Another bizarre case. Williams was one of the most highly respected players in the NBA. But accidents do happen. I mean if pointing a loaded shotgun at a limo driver, pulling the trigger, not calling an ambulance, and trying to get everyone at your party to cover up what really happened can be defined as an accident then the legal system is in bad shape. Jayson smiled a lot and begged for forgiveness. He should be sharing a cell with Carruth. 


*2. Rae Carruth* 





The last time you could have seen a free Rae Carruth you might have found him cowering in the trunk of a car while police were on the hunt. Carruth will probably be in prison for the rest of his life. His crime: Oh, he just hired someone to shoot his pregnant girlfriend. Yes, the baby was his. 






*1. O.J. Simpson* 







I know, everyone has had enough O.J. The Juice was definitely loose back in the mid nineties when he was charged with murdering Ronald Goldman and Nicole Brown ??? his former wife. This was the trial of the century as now-deceased star attorney Johnny Cochrane waved a magic wand in front of the jury who acquitted Simpson. Fortunately, some justice was served as O.J. was found guilty in a civil court. Rumor has it that O.J. is still looking for the killer. Juice, take a look in the mirror.


----------



## Goodfella9783 (Mar 12, 2006)

The Iverson incident they describe when he hunted his wife down with a gun definately didn't happen in Nov. 2005. And how is OJ #1 when he wasn't even convicted?

Anyhow, there were some good ones.


----------



## Triple Threat (Mar 12, 2006)

I think you could add Ray Lewis and Ron LeFlore to that list.


----------



## Goodfella9783 (Mar 12, 2006)

What about Michael Irvin?


----------



## min0 lee (Mar 12, 2006)

Good one's. 
Ron Leflore...that's a blast from the past.

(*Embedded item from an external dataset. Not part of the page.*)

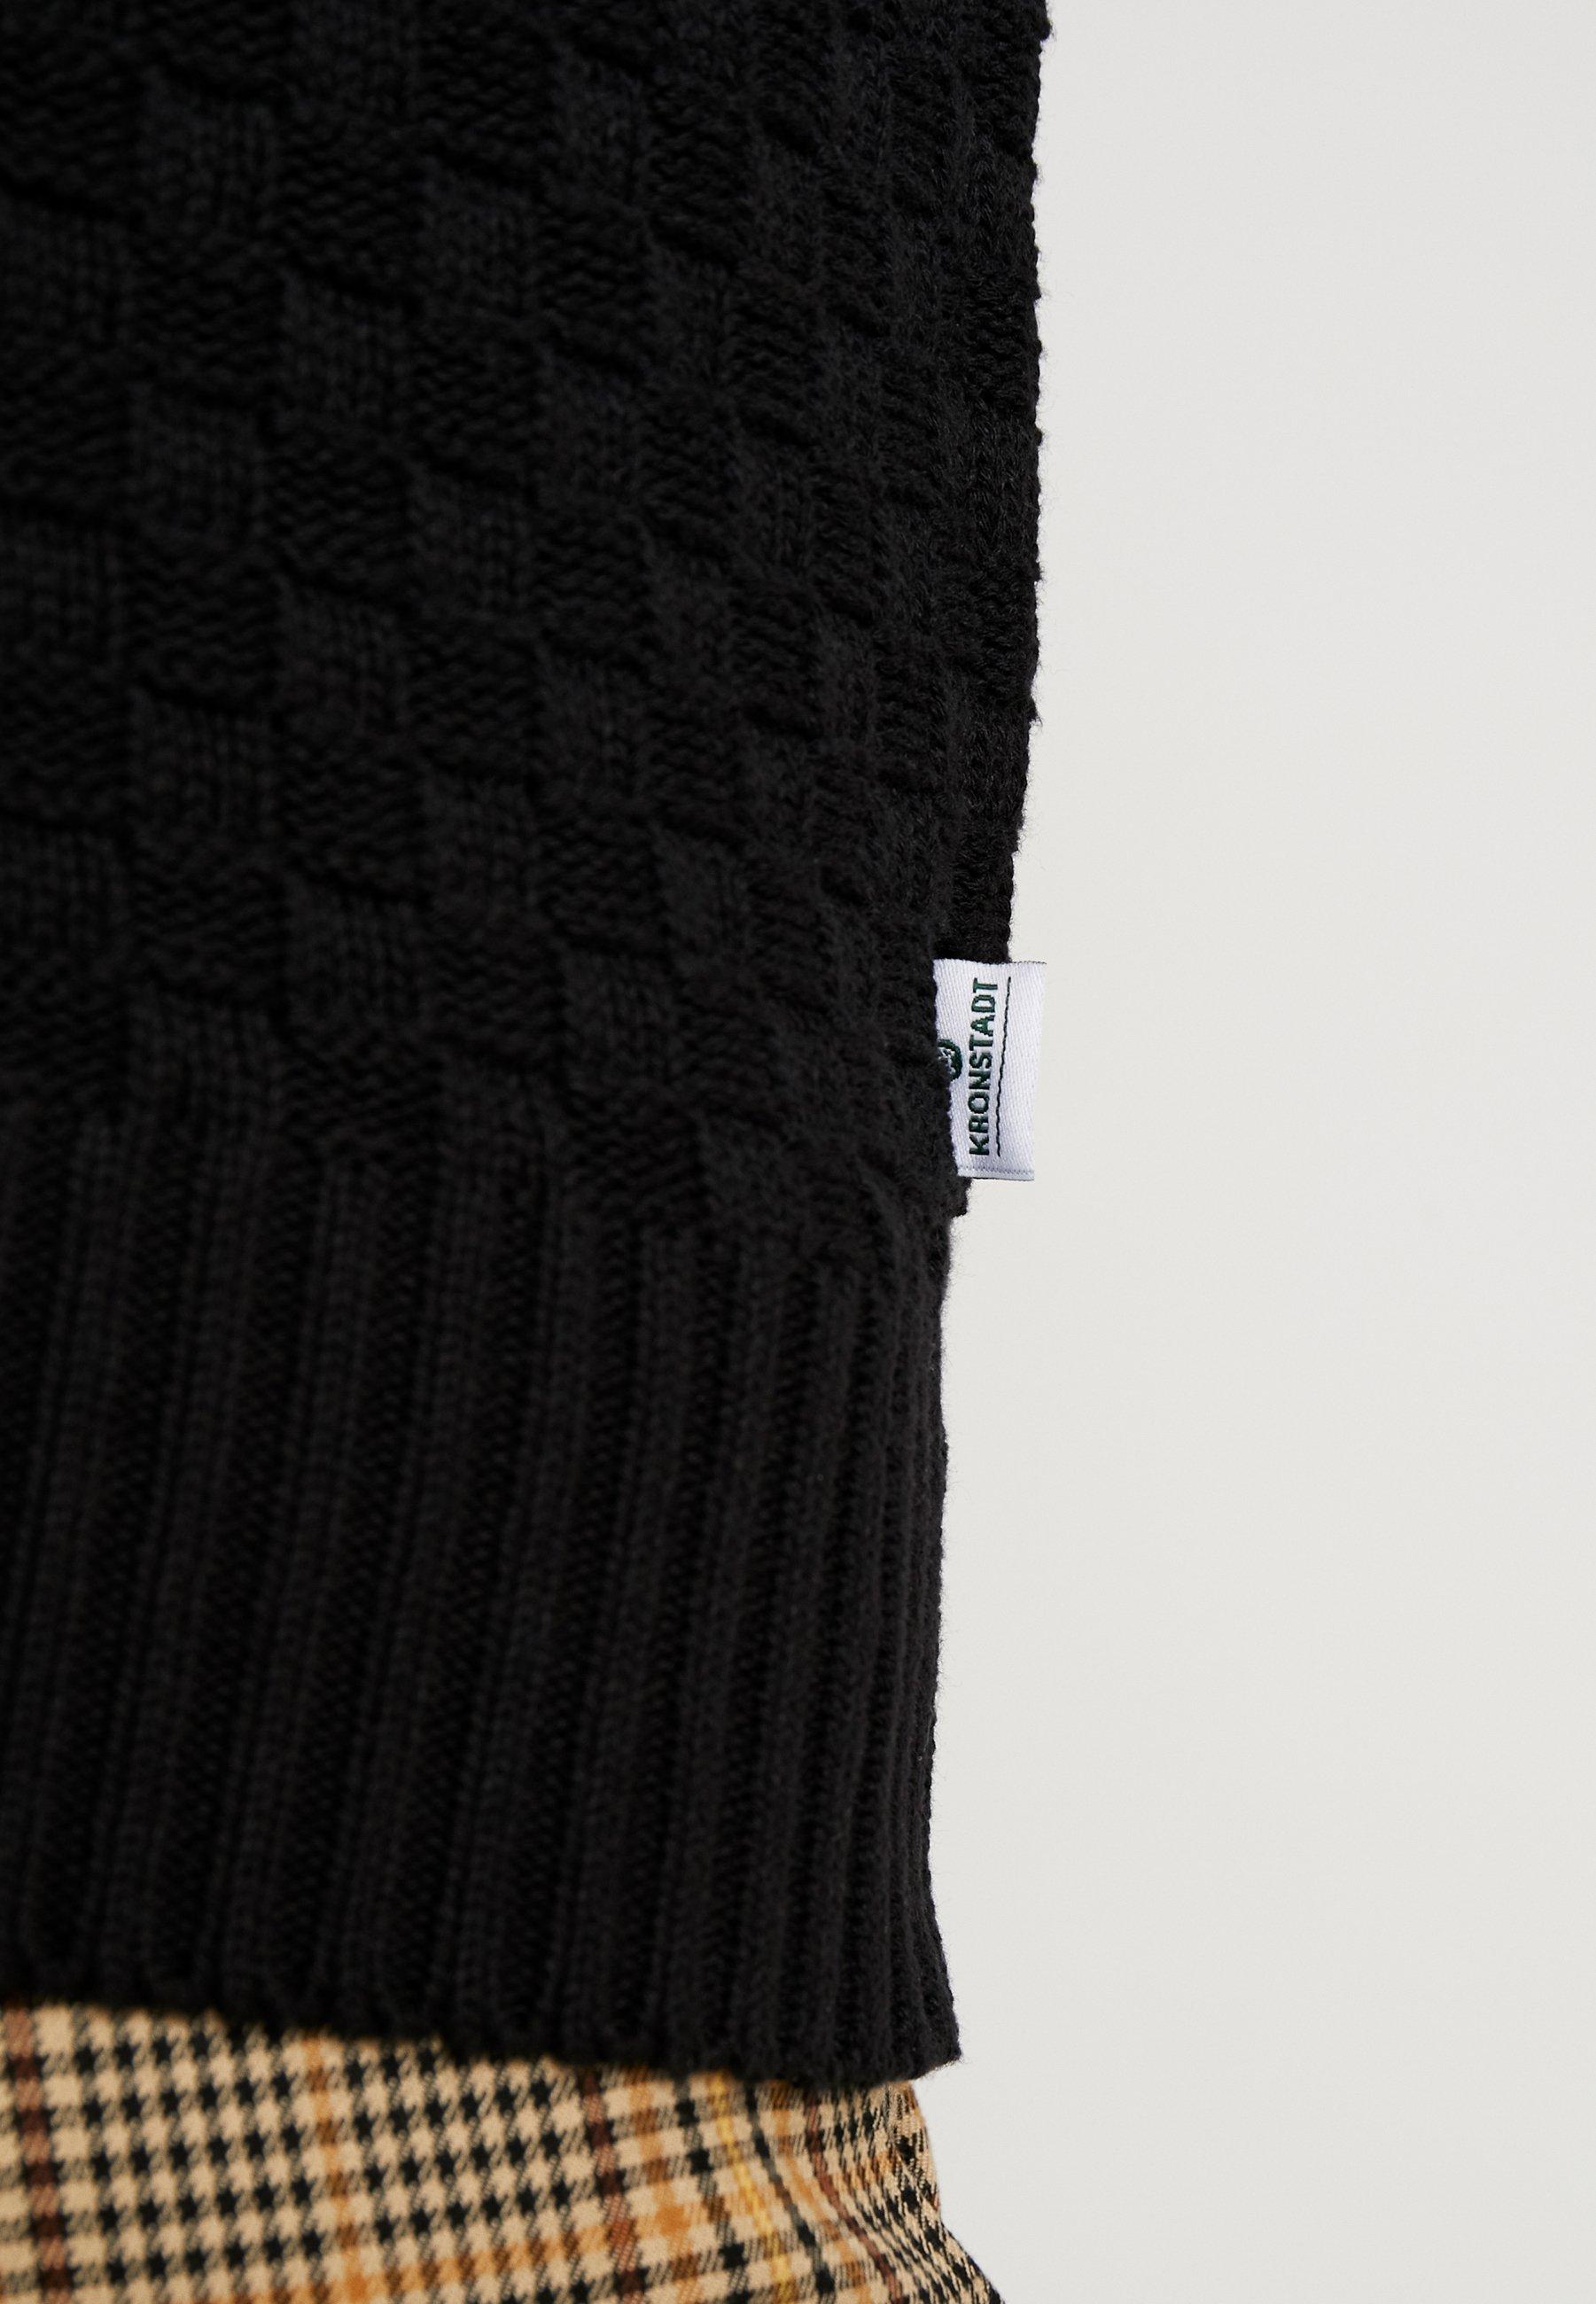 Kronstadt Benjamin - Cardigan Black/svart

I believe he did time before becoming a major leaguer


----------



## GFR (Mar 12, 2006)

Only one white guy min0 lee????


*Racist*


----------



## fletcher6490 (Mar 12, 2006)

Darrel Strawberry anyone???


----------



## min0 lee (Mar 12, 2006)

ForemanRules said:
			
		

> Only one white guy min0 lee????
> 
> 
> *Racist*


 
I see a pattern.


----------



## min0 lee (Mar 12, 2006)

fletcher6490 said:
			
		

> Darrel Strawberry anyone???


Another one.....Dwight Gooden.

Damn.


----------



## musclepump (Mar 12, 2006)

Goodfella9783 said:
			
		

> The Iverson incident they describe when he hunted his wife down with a gun definately didn't happen in Nov. 2005. And how is OJ #1 when he wasn't even convicted?
> 
> Anyhow, there were some good ones.



Because he still did it.


----------



## Flex (Mar 13, 2006)

Triple Threat said:
			
		

> I think you could add Ray Lewis to that list.




Ray Lewis murders people and gets away with it 































































He's my hero!


----------



## fletcher6490 (Mar 13, 2006)

Flex said:
			
		

> Ray Lewis murders people and gets away with it
> 
> 
> 
> ...



Na, he didn't kill anyone.  He just lied for 2 friends.  Ra Carruth was the murderer.


----------



## boilermaker (Mar 23, 2006)

Let's not forget Denny Mclaine.  Poor old people.


----------